Я стал думать, что раньше совершенно не знал Зюскевича. Мне мешало его понять то, что он влюблён в Берёзкину.
- Откуда ты всё это знаешь?
- Пишу такую программку для шефа. Он маршал Советского союза, хочет мемуаров.
Мы чокнулись и выпили.
- Или ещё есть такая штука - "Литератор", - продолжал Зюскевич. - Для стилизаций.
- Что делает?
- Сама пишет.
- Может сочинять?
- Ну так. Немного. Стилизации.
- Объясни.
- Ну, представь, что твоя фамилия Акунин, а ты хочешь писать как Гоголь.
- Или как Чехов.
- Как Гоголь или как Чехов. Хочешь?
Я кивнул и махнул рукой.
- Ты садишься за стол и выписываешь на нарезанные квадратики начала, середины и концы фраз. Из Гоголя или Чехова. Складываешь в три кучки и перемешиваешь.
- Как домино.
- Как домино. Потом раскладываешь по три карточки...
- Ага!
- ...Получаются новые предложения.
- Фигня. Легче написать.
- Кому как. Кому-то, может быть, легче бумагу резать.
- Картон.
- Картон! А кому-то легче написать.
- У Сорокина есть. Куски. Клоны пишут.
- Да, точно. Типичные такие болванки текста. Как будто мёртвый написал. Зомби.
- А что программа?
- Она делает. Там, внутри. Эти тексты. Книги. Нажал - "Три мушкетёра", нажал - "Собор Парижской Богоматери"...
- Два.
- Как?..
- "Три мушкетёра-два". Сиквел.
- Точно. То есть, конечно, надо ещё править. Редактировать. Но главное уже есть. Болванка. Массив художественного текста. Делается одной кнопкой. Раз - и готово.
- С сюжетом всё равно будет проблема.
- А если без сюжета? Я читал. Такого тоже много.

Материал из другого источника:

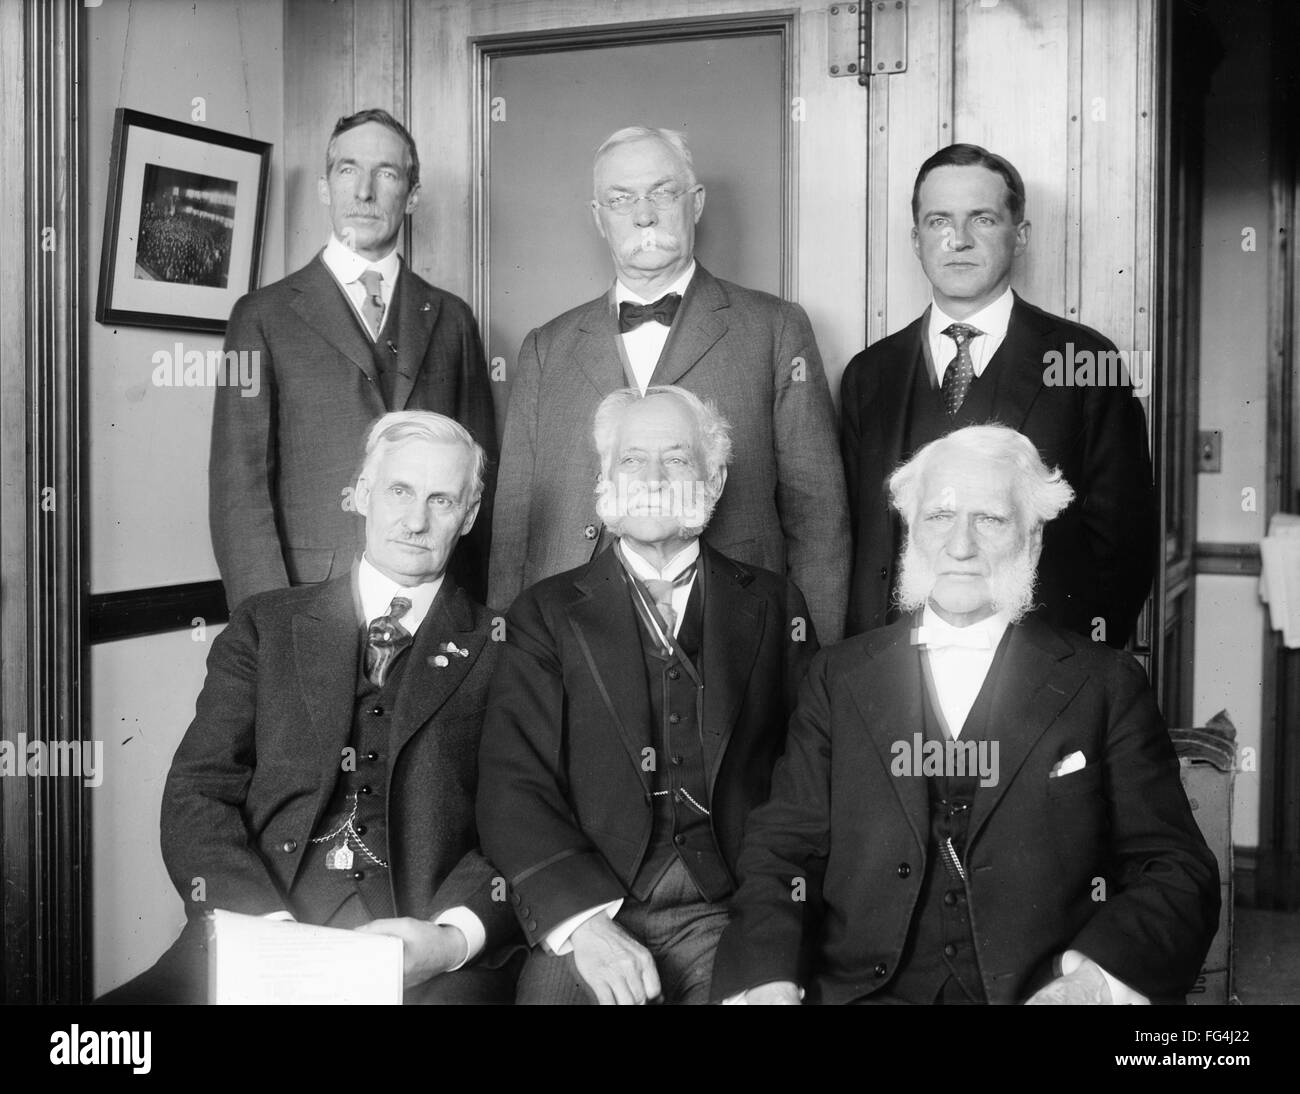 HENRY J. HEINZ (1844-1919). /nAmerican businessman and founder of the H.J. Heinz Company. Seated center, with Marion Lawrence and Bishop Joseph Crane Hartzell; back row: F.L. Brown, S.P. Leet, Reverend J.G. Holdcroft. Photograph, c1915. Stock Photo
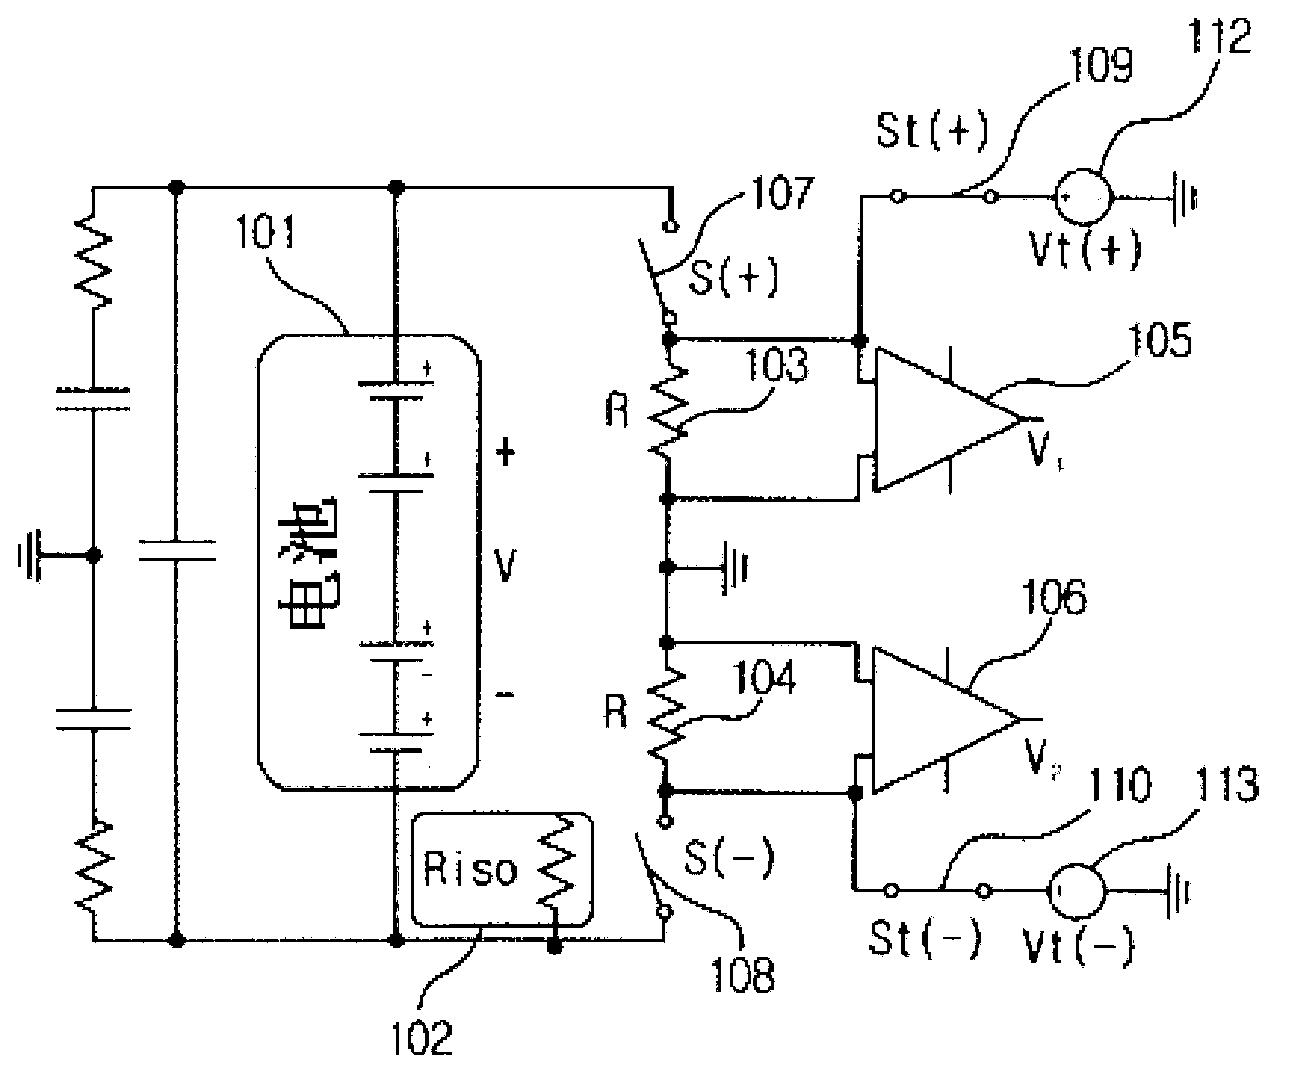 Insulation resistance measurement circuit having self-est function without generating leakage current

- Можно без сюжета, - кивнул я. - Джойс, Кафка, Пруст... Поток сознания.
- Поток?..
- Ну, бывает. Талант есть... а писать нечего. Тогда пишут просто так, ни о чём, поток сознания.
- А кто читает?
- Критики любят. Но это другое. То, что ты говоришь, - рыба.
- Рыба?..
- Ну, твоя программа. Песни сочиняют. Сначала музыку. Стихов нет. Поют рыбу - тары-бары-растабары... набор слов. Потом поэт сочиняет. Болванка называется "рыба".
- Нет, не "тары-бары", там уже заложено...
- Я понял.
- В чём проблема?
- Проблема в том, - я поднял глаза на Зюскевича, - что ЭТА ПРОГРАММА У МЕНЯ В ГОЛОВЕ.
Зюскевич несколько минут думал. Он гений. Хотя и пьяный. Он всё понял.
- Такая хорошая память?
- Четыреста томов Библиотеки Всемирной литературы. Плюс всё заметное, что выходило после перестройки. Вот это особенно, хотелось бы... удалить. Ну, delete по вашему.
- Почему?!
- Не хочу. Моя голова, имею право. Потому что вообще больше не хочу. Завязал.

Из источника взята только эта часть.